Estimation of coating thickness in electrostatic spray deposition by machine learning and response surface methodology

Abstract To improve the quality and productivity of the process or system before resorting to expensive and laborious experimental tests, it is essential to model and predict the system performance concerning its operational parameters. Predictive modeling and parameter optimization through machine learning techniques has been the most advantageous process and are the best alternative to the conventional statistical tools. In this work, carbide cutting tool inserts were coated with molybdenum disulfide (MoS2) solid lubricant utilizing the electrostatic spray deposition (ESD) process.
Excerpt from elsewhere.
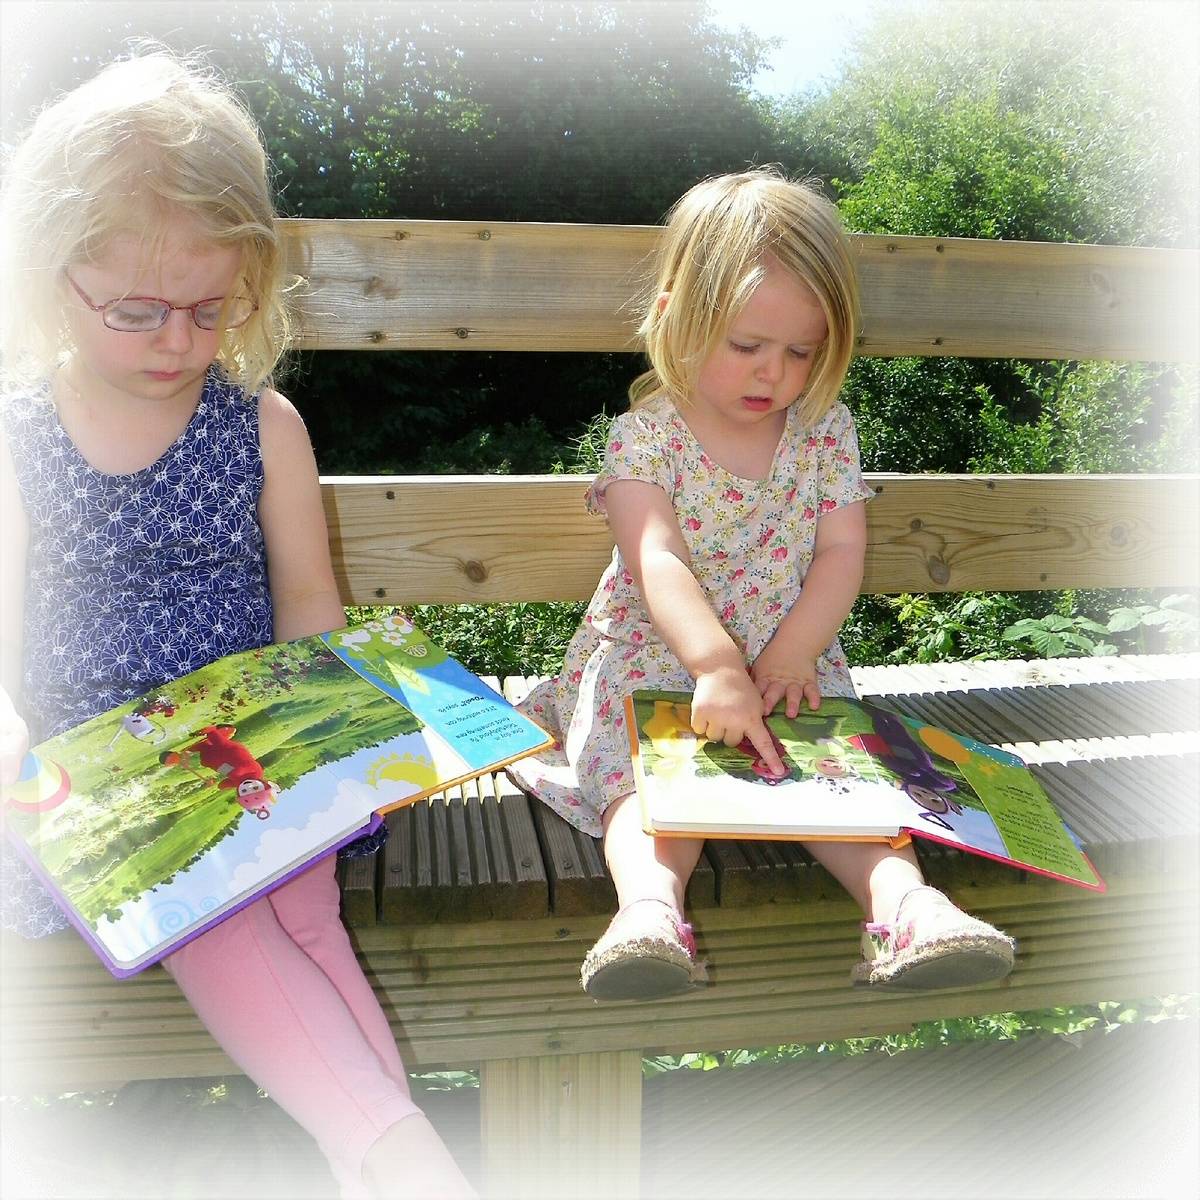 A developing love of books - preparing for school with education books from The Works

The optimum artificial neural network (ANN) model with 3-6-6-1 architecture includes 0.6 momentum term and 0.3 learning rate with attained mean squared error (MSE), absolute error in prediction (AEP) of trained and test data are 0.000334, 0.197, and 0.543, respectively. The support vector machine (SVM) hyperplane parameters are optimized using the Bayesian optimization technique, and after 90 evaluations, the model with the least error is used for predicting ESD coating thickness. The coating thickness predictions from ANN and SVM models were related to the response surface methodology (RSM) model predictions. From the results presented, the correlation coefficient (R-value) between experimental results and model predictions for ANN and SVM are 0.979 and 0.991, respectively, whereas, for RSM, it is 0.919. In addition, a genetic algorithm (GA) has been employed to establish the optimum conditions for the ESD deposition parameters. The presented SVM and GA method would support rapid and precise estimate and optimization of coating thickness in the ESD process.